According to yet another aspect of the invention, there is provided a pile fabric and, in particular, a cut pile carpet, the tufts of which are formed of the singles yarn of the invention.
According to still another aspect of the invention, there is provided a continuous process for in-line twisting and heatsetting of singles feed yarn of the type described hereinbefore. The small geometry of the jet-set heatsetting apparatus and the continuous nature of the jet-set process permit the apparatus to be coupled in-line with 2 for 1 twisting equipment and/or other processing equipment. Normally, yarn is processed through a 2 for 1 twister at take-off speeds of up to 125 yds. (114.3 m) per minute. According to this aspect of the invention the yarn is preferably continuously withdrawn from the 2 for 1 twister at a yarn speed ranging from 50 ;l to 125 ypm and fed directly through the jet-set apparatus. The distance between the twister and jet-set apparatus is not important and may be selected to accommodate available space. There are many obvious advantages to this aspect of the invention, such as, both operations now require very little space and time since the heatsetting operation can be operated in-line at the same yarn speed as the twisting operation. Additionally, only one operator is required for the in-line operation.
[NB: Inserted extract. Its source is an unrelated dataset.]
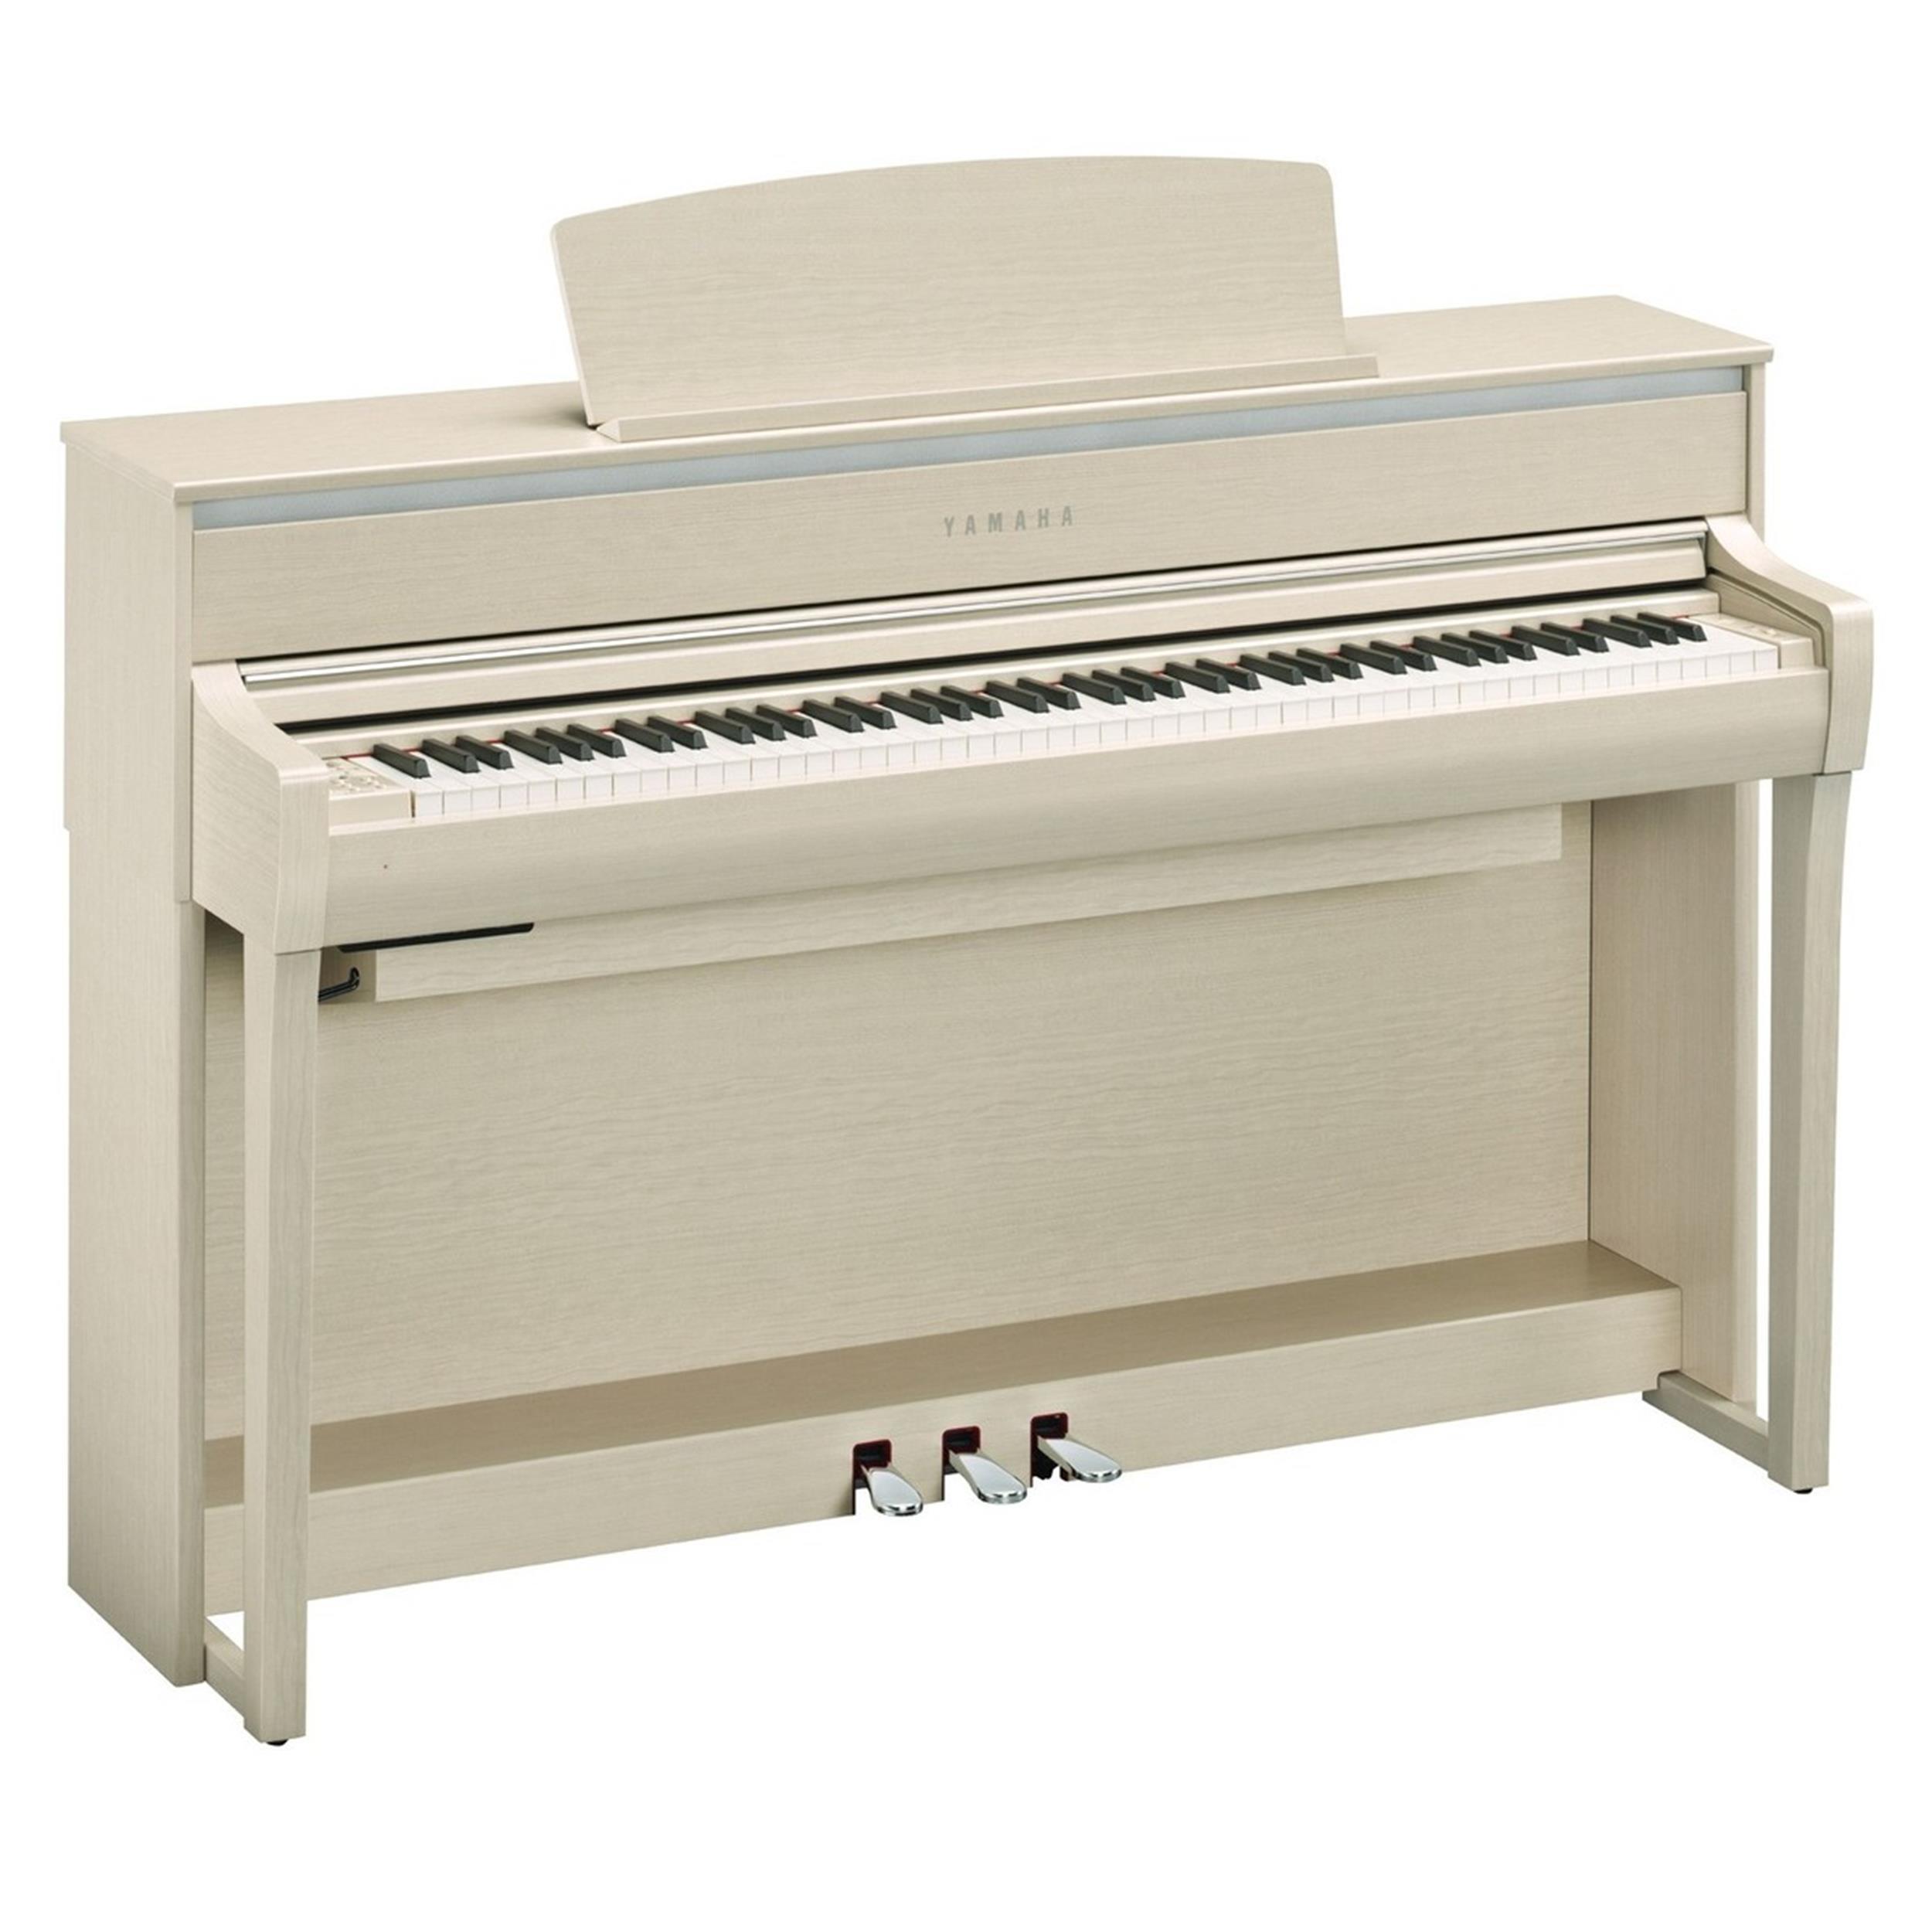 YAMAHA CLP675WAIT - CLAVINOVA - DIGITAL PIANO OM IT

BRIEF DESCRIPTION OF THE DRAWINGS
FIG. 1 is a schematic of an apparatus arrrangement suitable for use in preparing the singles yarn of this invention.
FIG. 2 is a photograph (magnification 8X) of a twisted singles yarn (viewed from the side) heatset by conventional continuous heatsetting equipment. The yarn is representative of twisted singles yarn heatset by prior art technology.
FIG. 3 is a photograph (magnification 8X) of a twisted singles yarn (viewed from the side) heatset by the jet-set process of the present invention.
FIG. 4 is a photograph of a cut-pile carpet (viewed from above), the tufts of which are made from the singles yarn shown in FIG. 2.
FIG. 5 is a photograph of a cut-pile carpet (viewed from above), the tufts of which are made from the singles yarn shown in FIG. 3.
FIG. 6 is a side-by-side comparison of the photographs shown in FIGS. 4 and 5.
FIG. 7 is a photograph taken from the side of the carpet shown in FIG. 4 with a 5 lb. weight placed on its pile.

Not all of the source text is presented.